After applying oversampling on the training data, the evaluation metrics are as follows:

#### Training Metrics (Perfect scores):

- **Accuracy (1.0)**: The model achieves perfect accuracy on the training set, classifying all emails (both spam and legitimate) correctly.
- **Precision (1.0)**: The precision is also perfect, meaning that every email classified as spam was indeed spam.
- **Recall (1.0)**: The model detects **100%** of the actual spam emails in the training data (no false negatives).
- **F1 Score(1.0)**:  The F1 score is a perfect **1.0**, reflecting the model's flawless performance on the training data.

#### Testing Metrics:

- **Accuracy (0.66)**: The accuracy on the test set is quite low (**66.3%**), showing that the model is struggling to generalize well to unseen data.
- **Precision (0.44)**: Precision has dropped significantly to **44%**, meaning that less than half of the emails classified as spam are actually spam. This suggests a high number of false positives (legitimate emails misclassified as spam).
- **Recall (1.0)**: Recall is perfect, meaning that the model identifies all actual spam emails in the test set. This implies that the model is very aggressive in classifying emails as spam, hence it catches every spam email but at the cost of many false positives.
- **F1 Score (0.61)**: The F1 score is **0.611**, which reflects the imbalance between precision and recall. Despite high recall, the low precision drags down the overall performance.

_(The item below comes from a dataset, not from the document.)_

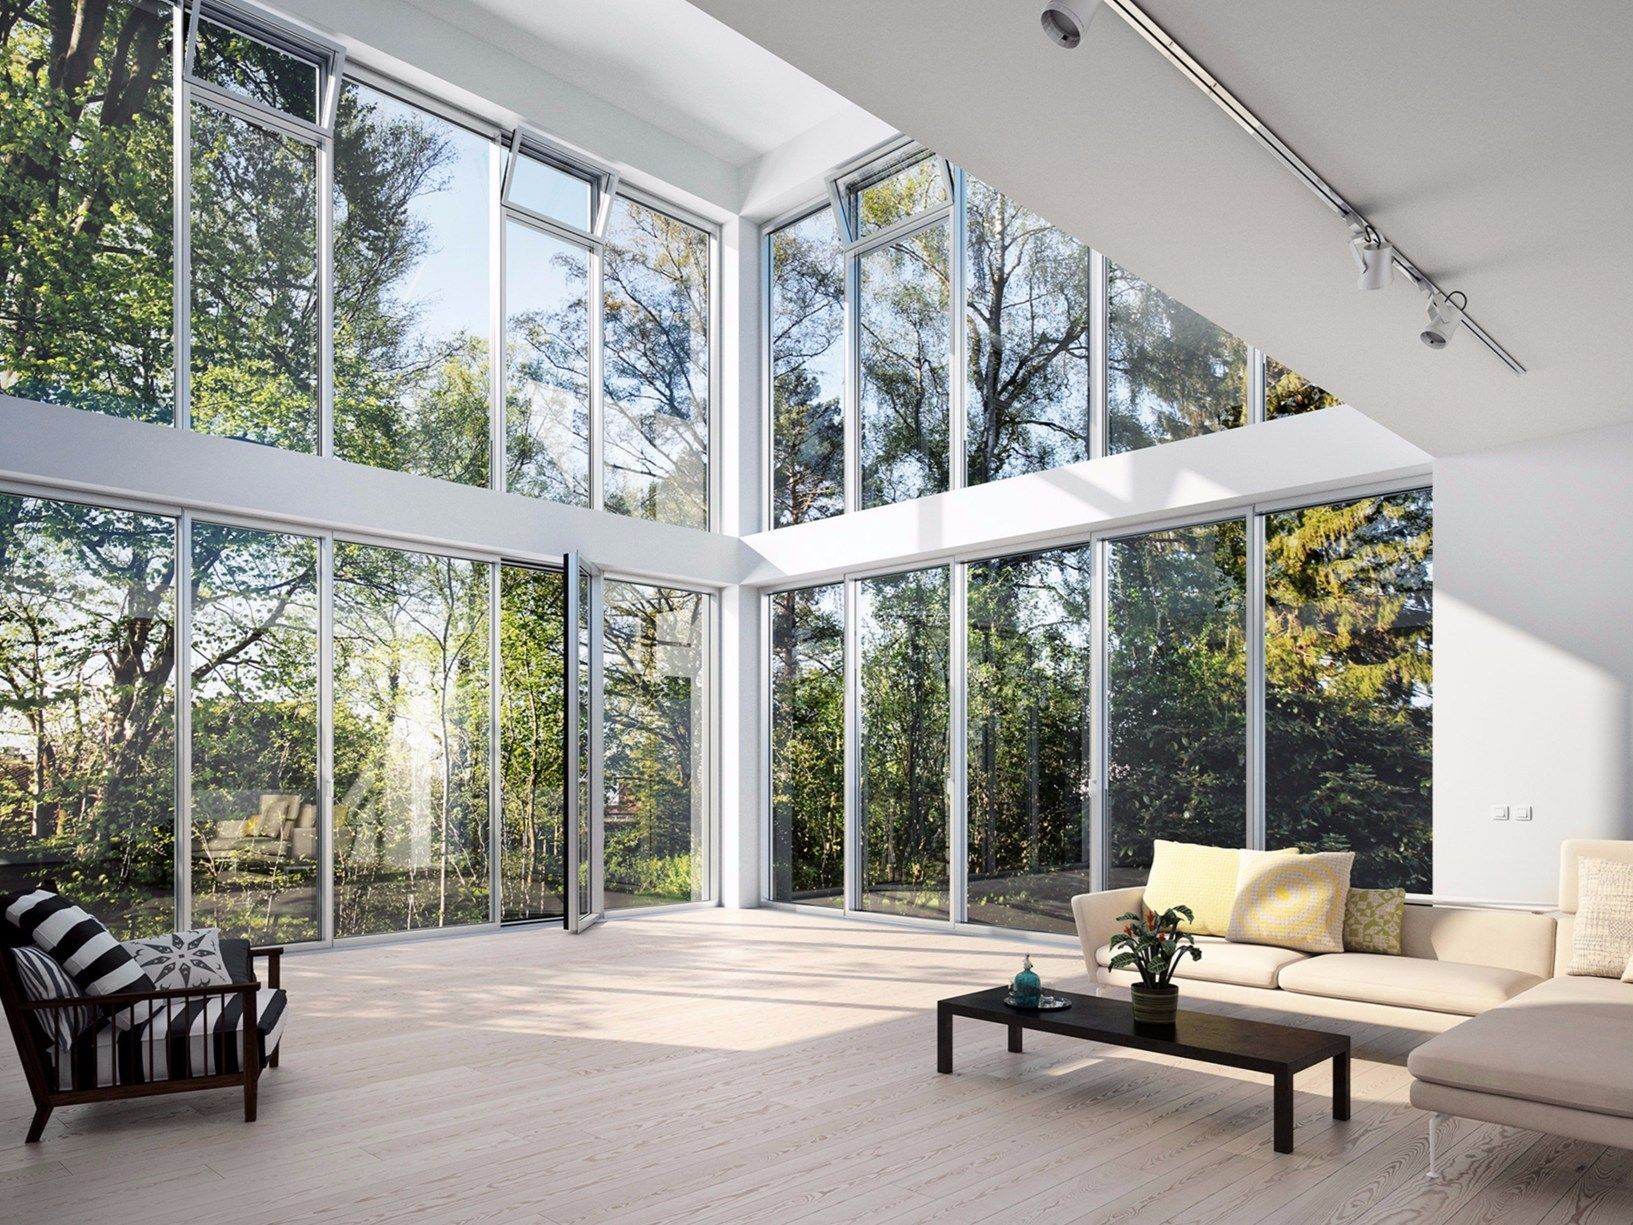 Facciate in alluminio a nastro con apribili a scomparsa - Altezza minima finestre ...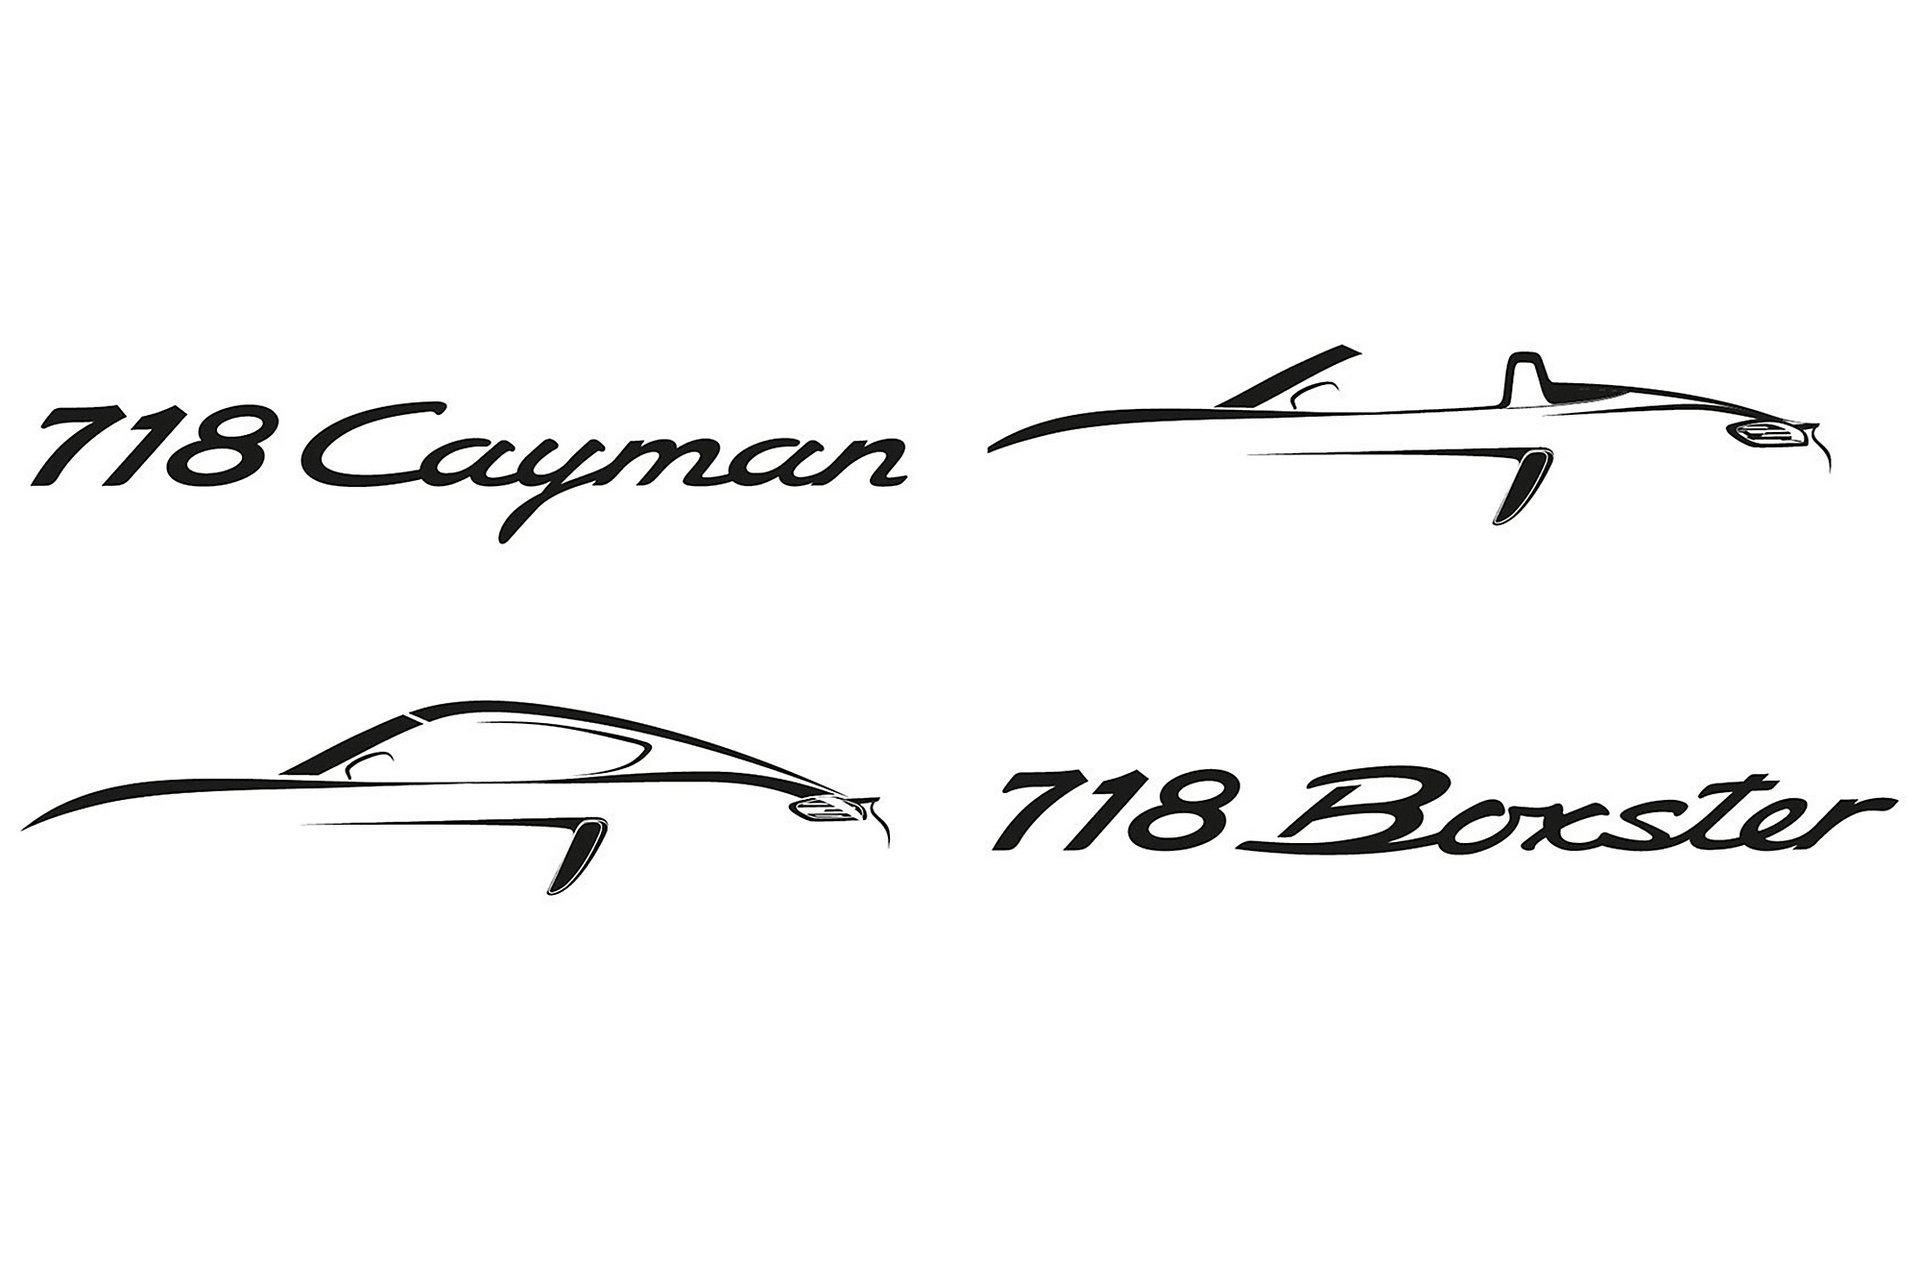 Porsche 718 Boxster E 718 Cayman

#### Analysis of Performance:

- **Overfitting due to Oversampling:** The model achieves perfect scores on the oversampled training data, but this is a strong indication of overfitting. Oversampling replicates the minority class (spam emails) in the training set, which can make the model too sensitive to identifying spam, especially when paired with a KNN classifier. As a result, the model memorizes the training data and cannot generalize well to new, unseen data.
- **Evaluate Different Models:** KNN may not be the best model for this problem, especially given its tendency to memorize the data rather than generalize. Consider evaluating more advanced classifiers such as **Random Forest, XGBoost, or even SVM**. These models often perform better with imbalanced datasets and have built-in mechanisms to handle class imbalance.